We are the generation of Digital World. Our Communication is DIGITAL, Our System is DIGITAL and our outcome expectations are also DIGITAL. Living in this kind of world, even we become DIGITALIZED. We belive what we see and we are not ready to listen, especially to the one who has come to us with PAIN. Funny part is we will ask that person to rate his/her pain in DIGITAL form (VAS). We always eager to know the intensity of pain but not the source of pain. This is the best criteria which applies for our day to day clinical practice where most of the radiating pains are misdiagnosed as Intraspinal SCIATICA.


Sciatica is defined as lumbar radicular pain along with clinical findings suggestive of nerve root compression.(1) Sciatica can result when the nerve roots in the lower spine are irritated or compressed. Most often, sciatica is caused when the L5 or S1 nerve root in the lower spine is irritated by a herniated disc, degenerative disc disease may irritate the nerve root and cause sciatica(2)(3)(4)(5). Like this many more influenced stuffs are misleaded the concept of Sciatica. But, being a Physical Therapist (A Movement Scientist) our way of examination and Analysis are enormous. A perfect Physical Therapist always feel the muscle, observe the Movement, control the Arthro-kinematics, change the abnormal force vectors across the joint, enhance the Neuro-kinetics, achieve the Functional limitations. With our gifted Kinesiology we can detect the hidden affected strutures which mimics like Intraspinal Sciatica.


Presenting some of those here:

1) PIRIFORMIS SYNDROME (PS):

Piriformis syndrome (PS) is an extraspinal nerve entrapment that comprises symptoms like pain in the region of the sacroiliac joint, greater sciatic notch, piriformis muscle (PM), and may radiate distally. Walking/stooping/lifting exacerbate the symptoms, signs include Piriformis muscle tenderness, Piriformis muscle stretch pain, positive straight leg raise sign, gluteal atrophy and weakness. Piriformis Syndrome accounts for 6–8% of low back pain cases. Proposed mechanisms for PS include Piriformis muscle contracture/spasm from trauma/overuse/hypertrophy.(6) Piriformis Syndrome is the one, which going eazily for misdiagnosis and leaves fatal effects. A 62-year-old man who had Foot drop with delayed diagnosis of Piriformis Syndrome,(7) also it was misdiagnosed as disc herniations and Chronic Ishemic Limb Disease.(8)(9)

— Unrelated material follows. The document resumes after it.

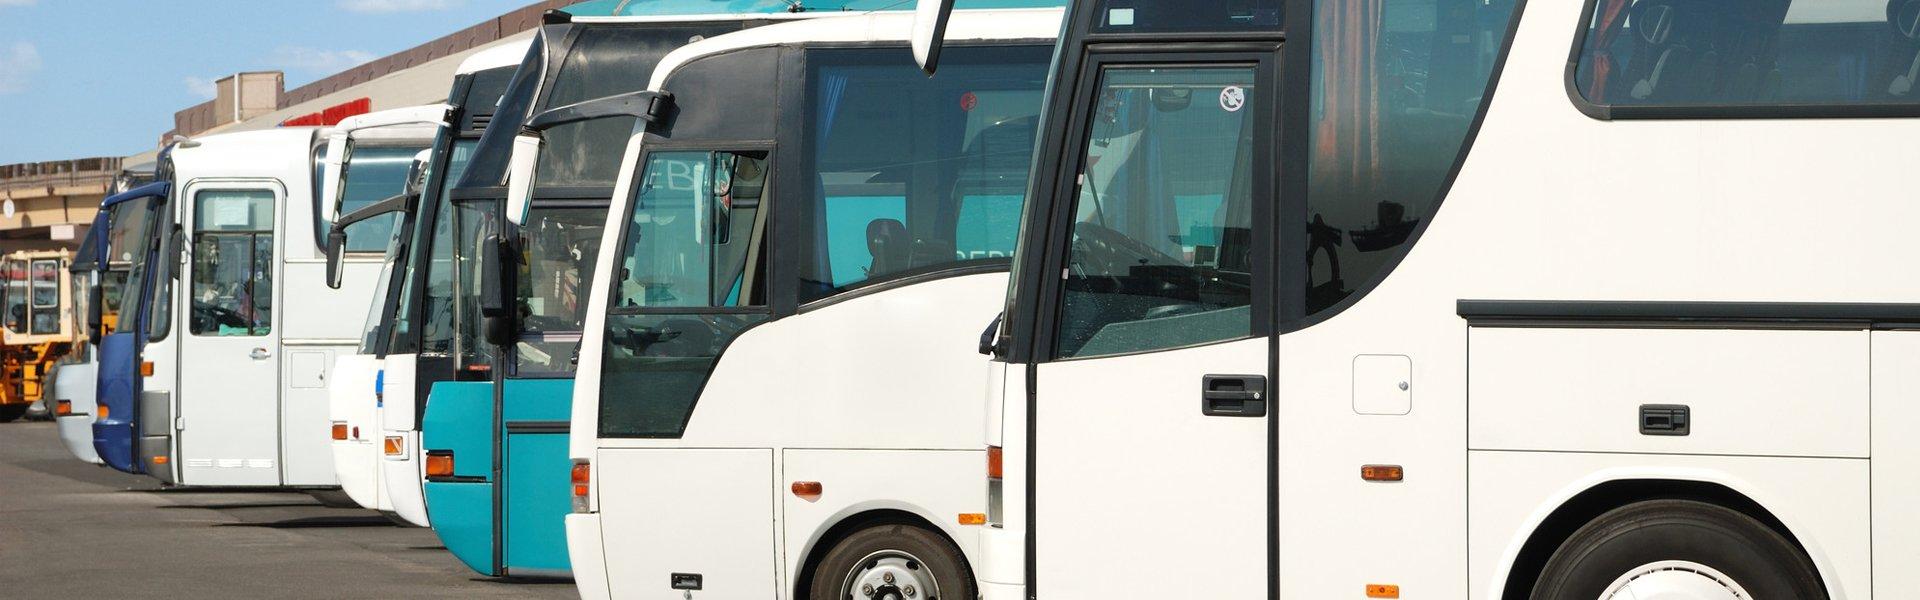 white coaches

2) PSEUDO SCIATICA (GLUTEUS MINIMUS TrP):

Is it really Sciatica or just a trigger point in your buttocks? In this issue we focus on the Gluteus Minimus, a muscle in your buttocks with a surprising referred pain pattern that mimics the pain of sciatica! Pain extends from the buttocks region down the back and side of the entire lower limb into the ankle. The referred pain caused by these trigger points affects almost the identical areas as Sciatica. For this reason we called this pain as “Pseudo Sciatica”. A quick assessment of this muscle can prevent misdiagnosis for low back and leg pain sufferers.

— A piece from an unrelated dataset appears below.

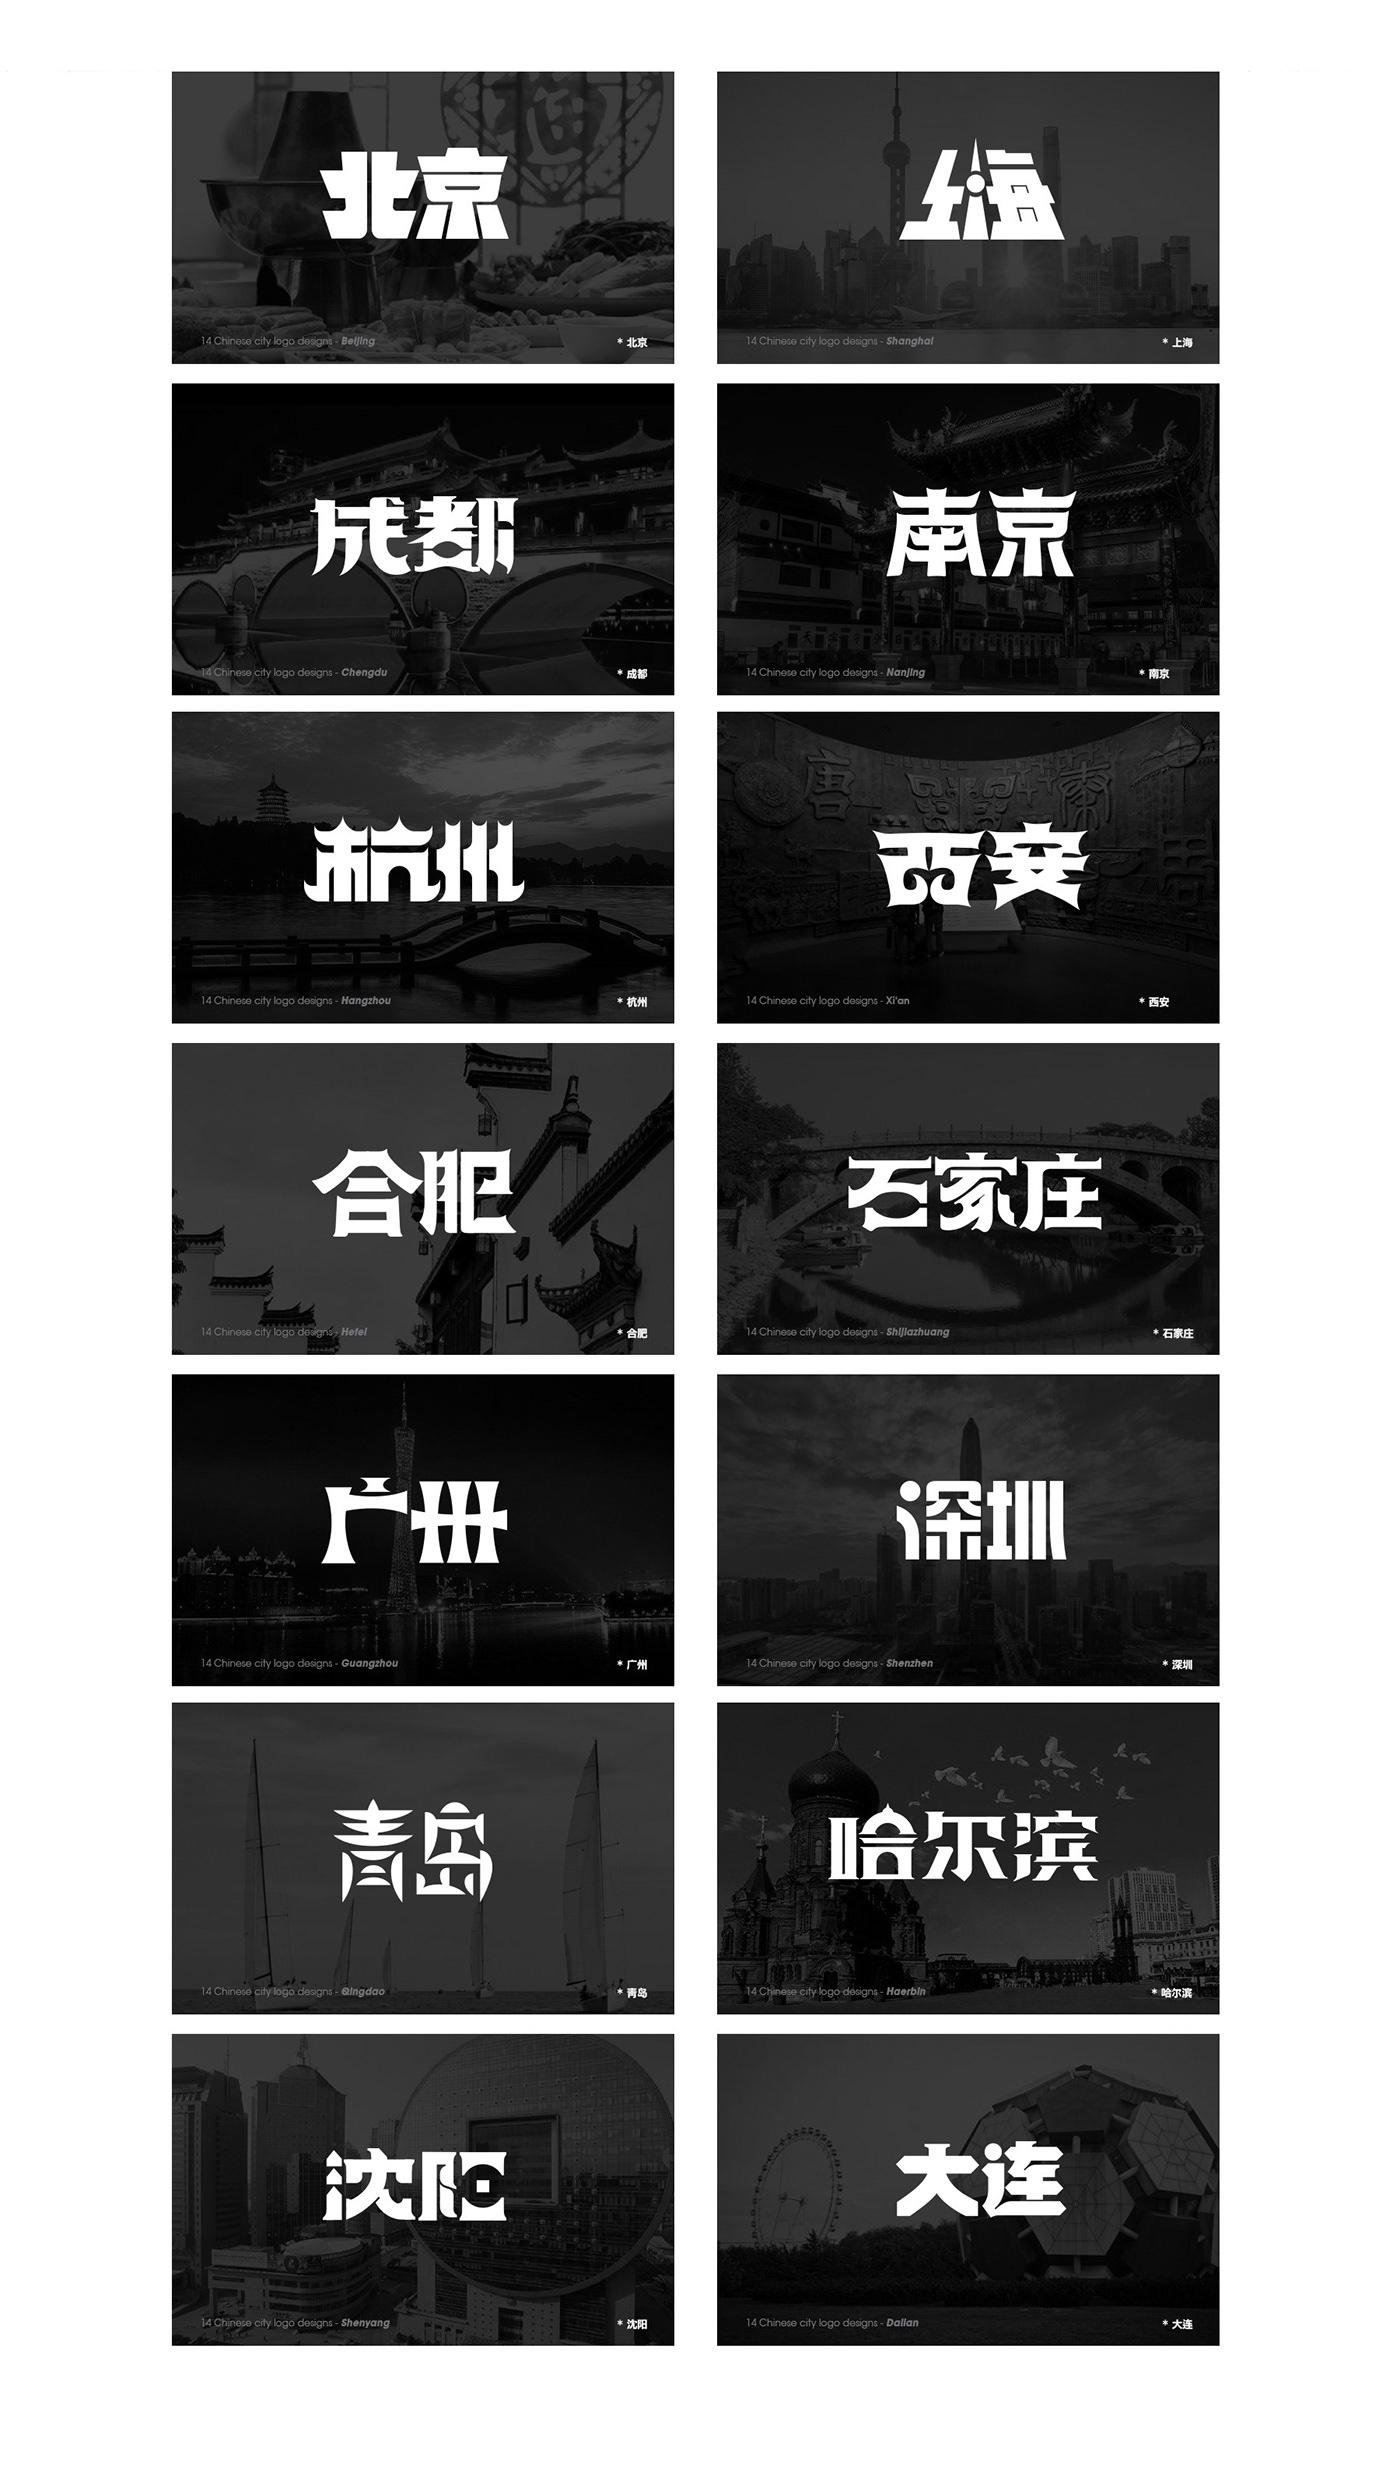 天猫 tmall 不服来斗 字体设计 Typeface

Knee Cross Over Test: Start by sitting upright. Then, without using your hands, raise one knee and attempt to cross it completely over the opposite knee.

If you fail to cross your knee over opposite knee, it indicates the tightness of Gluteus Minimus muscle.(10)


3) RETRO-TROCHANTRIC PAIN SYNDROME:

Deep Gluteal Syndrome (DGS) and Greater Trochantric Pain Syndrome (GTPS) are also the acronyms for Retro-Trochantric Pain Syndrome. It involves pain in the buttock caused from entrapment of the sciatic nerve in deep gluteal space. The boundaries of deep gluteal space are femoral neck anteriorly, gluteus maximus posteriorly, linea aspera of proximal femur laterally, sacrotuberous ligament medially, inferior margin of the sciatic notch superiorly and hamstring muscle inferiorly. The space contains piriformis, obturator internus/externus, gemelli, quadratus femoris, hamstring, gluteal nerves and lateral ascending vessels of the medial femoral circumflex artery. Any contents of deep gluteal space can cause sciatic nerve entrapment syndrome.(11)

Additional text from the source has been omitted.